Quick verdict: The Gearharts took the RDA to court, and in July 2016, a York County jury took less than 30 minutes to unanimously find in favor of the Gearharts. The fair market value of the 319 E. Chestnut St. property was $1.25 million at the time the RDA acquired it, the jury ruled.
The Gearharts purchased the roughly 3-acre site in the 1980s. The building served as the county prison until 1979.
Commonwealth Court on Tuesday affirmed the jury's ruling, determined $1.25 million was the fair market value of the property at the time and also ruled the trial judge "properly exercised (his) discretion as the 'gatekeeper of the evidence'" at trial.
Attorney Don Hoyt, the RDA's solicitor, said he can't yet comment because he hasn't finished reviewing Tuesday's opinion.
"When I finish reviewing it, I'll talk to my client about options," he said.
Earlier appeal denied: Lebanon County Senior Common Pleas Judge Robert J. Eby in January 2017 denied the RDA's appeal for a new trial, which was filed in August 2016.
The RDA argued some evidence and testimony should not have been allowed in the proceedings regarding fair market value of the 2.9-acre site of the former York County Prison.
The RDA’s motion argued 11 points, including that the jury should not have been shown evidence that the city had lined up a deal to sell the property to a commercial redeveloper before it had acquired the property.
Eby disagreed and said the “contract to sell the condemned property,” and the fact that the developer had purchased other properties in the vicinity, proved there was other interest in the property and should be included in the jury’s evaluation of fair market value.
Documentation of the agreement to sell the property to Think Loud Development for $1 plus the cost of acquisition was requested by the Gearharts’ attorneys during the discovery phase of the trial, but it was not provided, according to Eby's opinion.
'Arguable obstruction': During a June 2016 deposition, Shilvosky Buffaloe, interim director of the city’s department of economic and community development, testified that the RDA and Think Loud did not have any discussions until after the property was acquired, the opinion states.
But after he was confronted with a November 2013 application for a City Revitalization and Improvement Zone, Buffaloe admitted the RDA was aware of Think Loud’s interest in the property before acquiring it.
When the documents came to light, Hoyt argued that it was too late to add them into evidence, according to the opinion.
“We did not find (RDA’s) protestation of untimeliness to be credible when we learned that it was (RDA) who was, through noncompliance with discovery requests, responsible for the delay,” Eby wrote. “Given the arguable obstruction of Mr.

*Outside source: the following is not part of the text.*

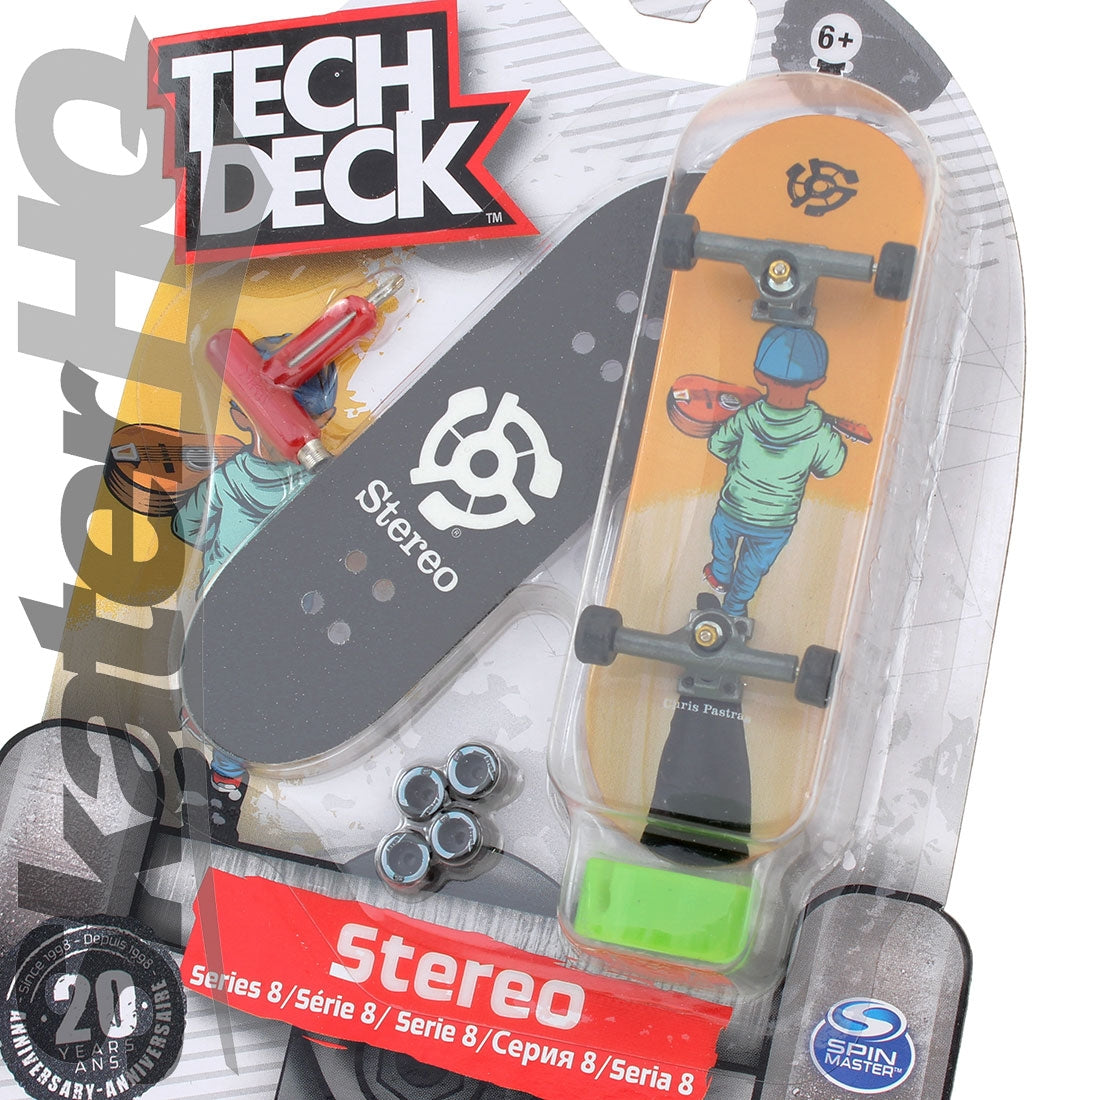 Tech Deck Series 8 - Stereo - Pastras

Buffaloe and the noncompliance, whether intentional or unintentional, of (RDA) in providing potentially critical discovery related to that obstruction, we did not find (the Gearhart’s) motion to amend ‘too late’ as urged by (RDA).”
Nonexpert witness: The RDA also claimed it should receive a new trial because Eby prohibited testimony from RDA's expert witness on lead-based paint.

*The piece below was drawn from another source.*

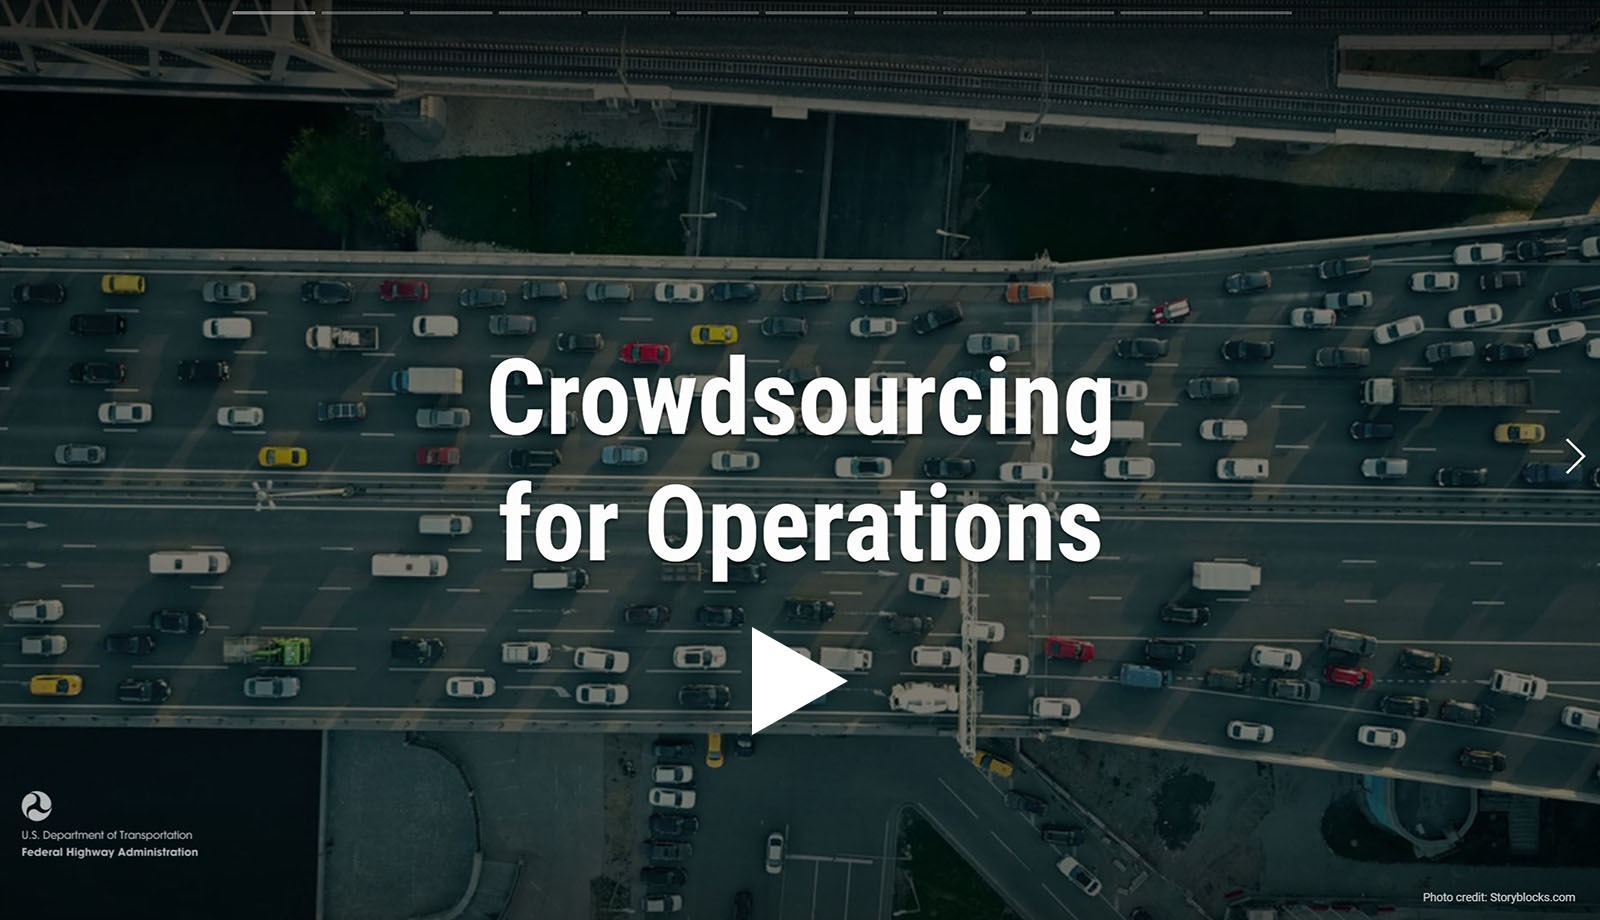 Slideshow: Crowdsourcing for Operations

Eby disqualified Peter Voci as a lead-based paint expert after Voci told the judge he was an asbestos expert but worked for a company that is certified in lead-based paint, according to the opinion.
Voci also did not believe he was a lead-based paint expert when questioned directly by the judge, according to the opinion.
The RDA also argued that it deserved a new trial because the conversation between Eby and Voci should not have been held in front of the jury. That claim also was denied by Eby.
Excessive price: Finally, the RDA made three claims that the $1.25 million market price was excessive and "based on prejudice and sympathy" for the Gearhart family, according to the opinion. Again, the judge denied these claims.
The RDA’s motion for a new trial "astonishingly argues that the jury 'had virtually no experience in formulating an accurate opinion of fair market value in an eminent domain case' and states that their 'absurd verdict' was based upon 'anti-governmental sentiment' similar to that evidenced in the 2014 Bundy standoff and subsequent occupation by armed militants of federal lands in ... Oregon," Eby wrote.